Miró hacia la puerta del establo y vio que el pomo de la puerta se movía hacia abajo.

Karin y Kihlgård se dirigieron hacia Hall en plena noche de agosto. La carretera se iba estrechando a medida que iban subiendo y sólo se cruzaron con algún coche. Dejaron atrás las salidas hacia Lickershamn y Ireviken, y estuvieron a punto de pasarse la salida que conducía hasta la granja. Karin dio un frenazo y entró por la angosta carretera. Ahora estaba todo oscuro a su alrededor, aquí no se veían farolas ni casas. El monte bajo se volvía cada vez más denso y por todas partes se divisaban árboles muertos con las ramas desnudas, retorcidas.

– ¿Estás segura de que vamos bien? -preguntó Kihlgård inquieto.

– Completamente. He mirado el mapa antes, sólo puede ser esta carretera. Pero he de reconocer que, aunque soy de Gotland, nunca había estado aquí arriba antes.

– Está muy desolado, parece un paisaje fantasmal.

– Sí -aseguró Karin-. Parece totalmente alejado de la civilización.

El coche avanzaba dando tumbos por un terreno cada vez más accidentado y Karin empezaba a preguntarse si llegarían o se quedarían parados en algún sitio. Justo cuando ya empezaba a buscar un lugar donde dar la vuelta, descubrió un automóvil aparcado arriba, en el bosque, y más adelante había otro. Reconoció el viejo Mercedes de Knutas.

Karin aparcó al lado y se deslizaron hacia la granja con el máximo sigilo.

La expresión del rostro de Eskil Rondahl apenas cambió cuando descubrió a Johan con la caja en la mano. Sólo los ojos revelaron un atisbo de sorpresa. Era la segunda vez que se encontraban ese día.

– ¿Qué cojones haces aquí?

– Eso mismo iba a decir yo.

Johan le acercó las cajas.

Rondahl no contestó. Tenía los brazos caídos a lo largo del cuerpo, con torpeza, como si no supiera qué hacer. Se quedaron así un rato, mirándose el uno al otro.

– ¿Quién eres?

– Me llamo Johan Berg y soy periodista.

– ¿En un periódico?

– En la televisión, en Noticias Regionales de la Televisión Sueca.
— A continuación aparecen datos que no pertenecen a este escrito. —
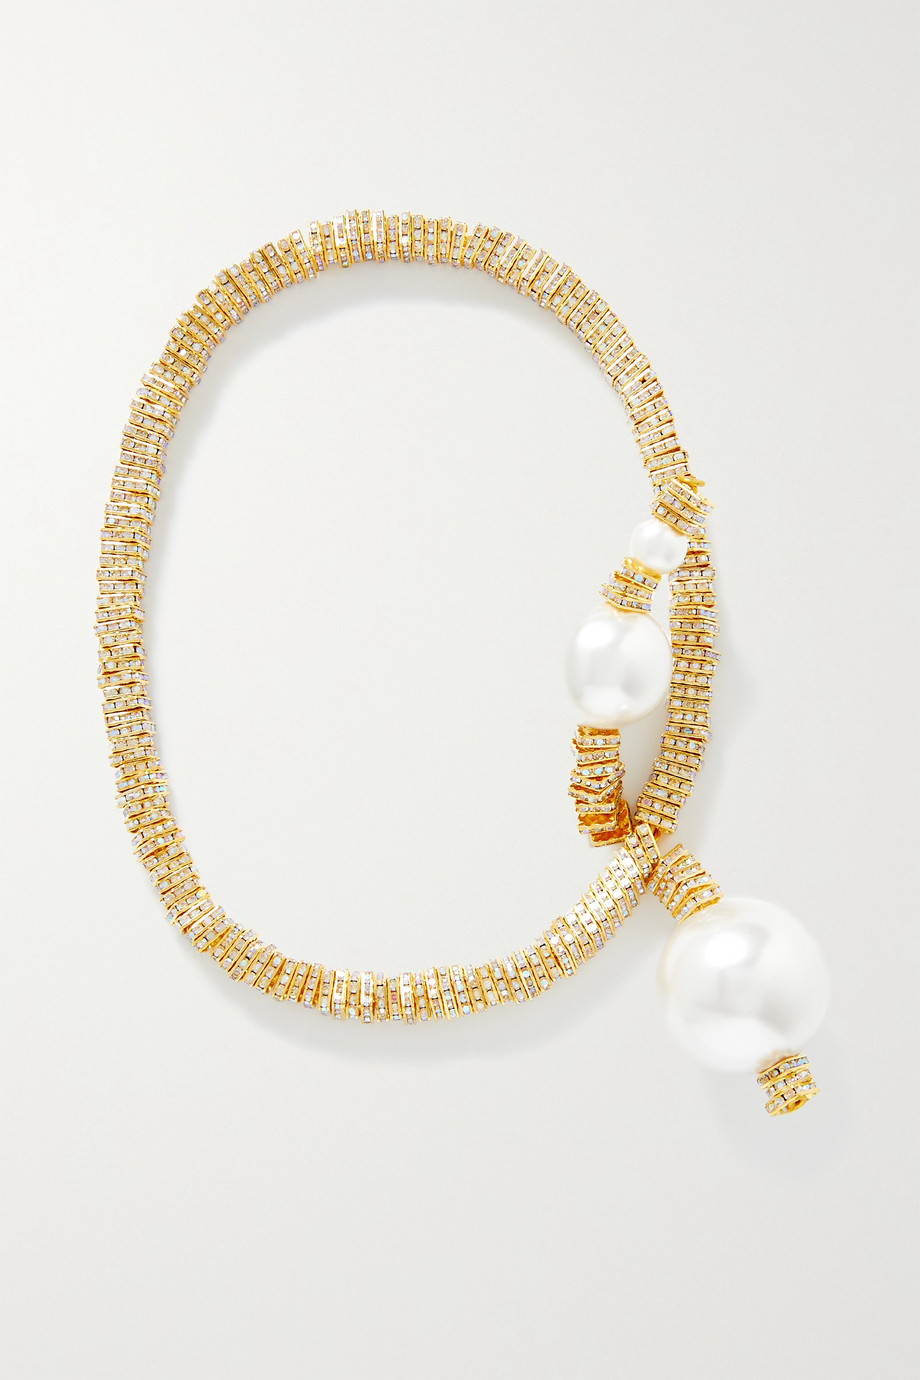 PEARL OCTOPUSS.Y Collier convertible en plaqué or, cristaux et perles synthétiques Golden Snake

– ¿Me has estado siguiendo?

Se iba acercando despacio mientras hablaba. Johan dio un paso atrás mirando disimuladamente a los lados. ¿Dónde cojones estaba Knutas? ¿Y Pia?

Rondahl daba vueltas a su alrededor como un animal carnívoro a punto de atacar a su presa.

Johan no sabía qué hacer. La puerta estaba cerrada y no había visto ninguna otra salida. Fuera todo parecía en silencio. Se encontró de pronto en una situación que no controlaba en absoluto. No había contado con acabar poniéndose él mismo en peligro. La imagen de su hija cruzó su mente. Maldijo su propia estupidez. ¿Cómo había podido meterse en aquello sin pensar en las consecuencias? Se trataba de tres asesinatos. Pensó en Emma.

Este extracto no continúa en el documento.